In ‘Roadshow’, in a moment of (surely self-mocking) solipsistic hyperbole, ‘by pure chance, it’s precisely at this point / that the universe – having expanded since birth – / reaches its limit and starts to contract’, before the crowd ‘dopples past … inexhaustibly young and countlessly strong, / streaming away, always streaming away’.

Clanchy notes that the sections of the poem on the subject of the woman’s body are ignored: ‘We were heavy and slow, each footstep checked / by the pendulum of our unborn child – / a counterweight swinging from Susan’s heart.’

Another poem by Armitage dealing with miscarriages is ‘Birthday’ from The Univeral Home Doctor . However, Sarah Wardle has this to say in her review:

The book’s title comes from the scene in ‘Birthday’, where he finds his lover pouring over entries on infertility. It seems his infidelity has triggered her psychosomatic stony ground…’

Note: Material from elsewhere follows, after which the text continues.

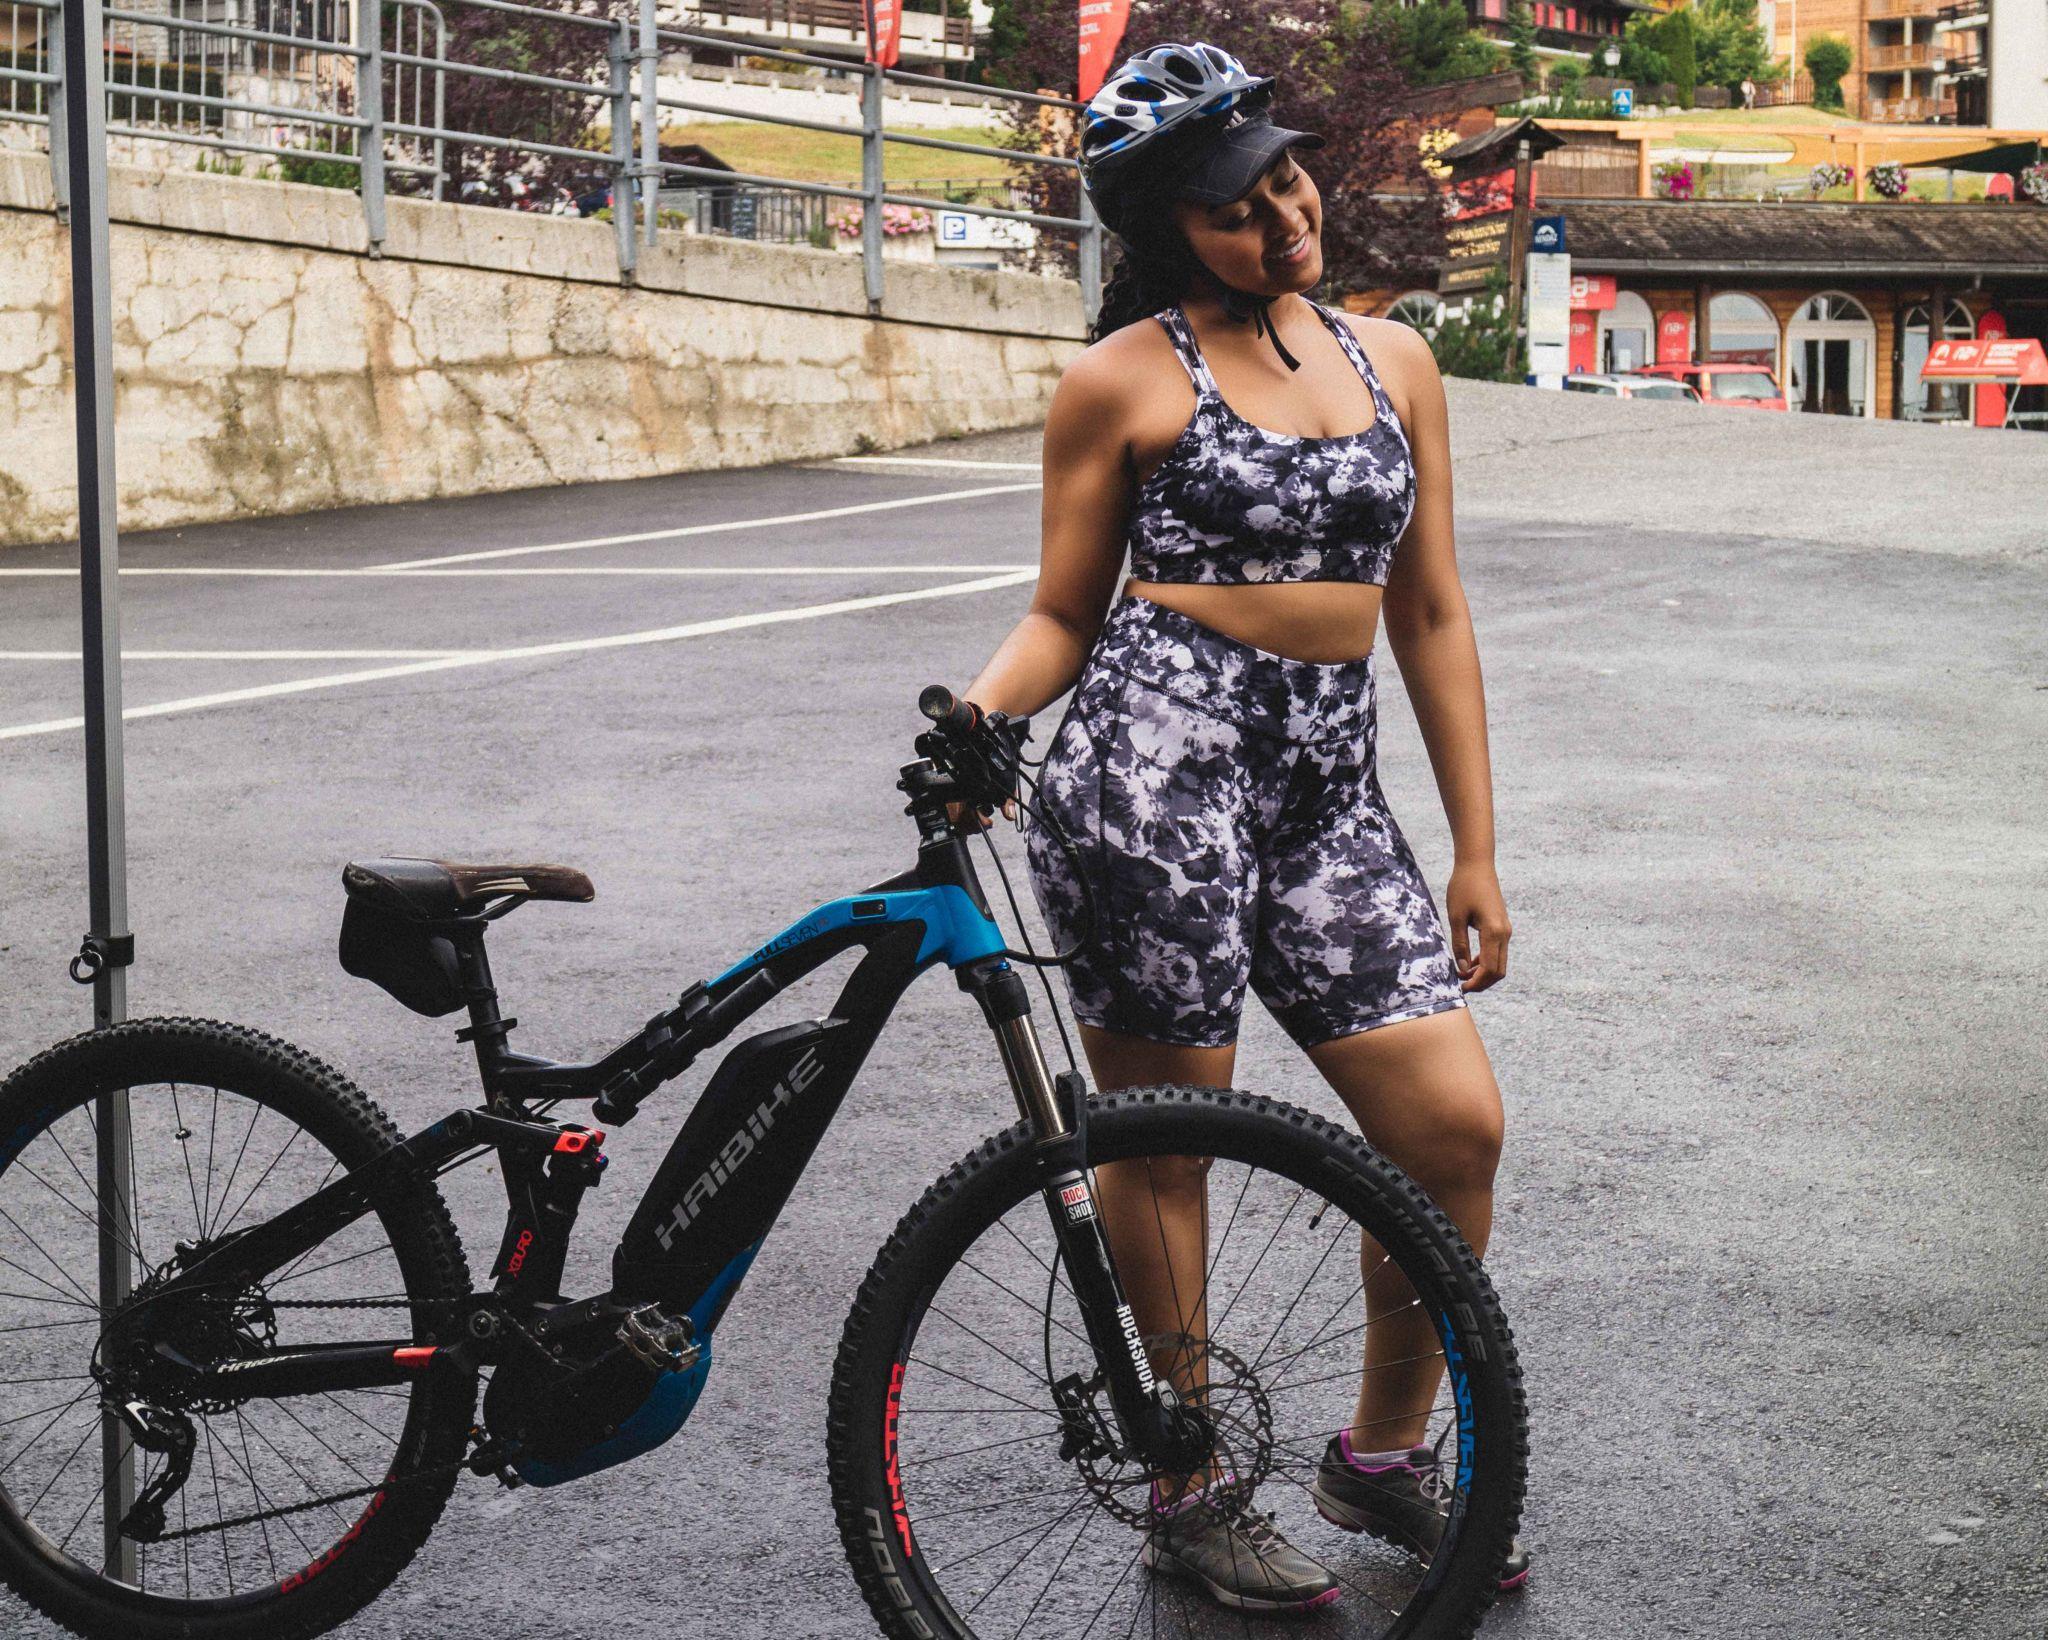 Elaisha-Jade-Mountain-biking-nege.jpg

The lines of the poem read as follows:

bent double, poring over
the Universal Home Doctor
that bible of death, atlas of ill-health:
hand-drawn, colour coded diagrams of pain,

chromosonal abnormaties explained,
progesterone secretion ,

cervical incompetance ...
Susan, for God’s sake.


The point of Kate Clanchy’s talk is that the female body is ignored and sidelined in the interpretation of poems and their reception, something that her collection Newborn suffered.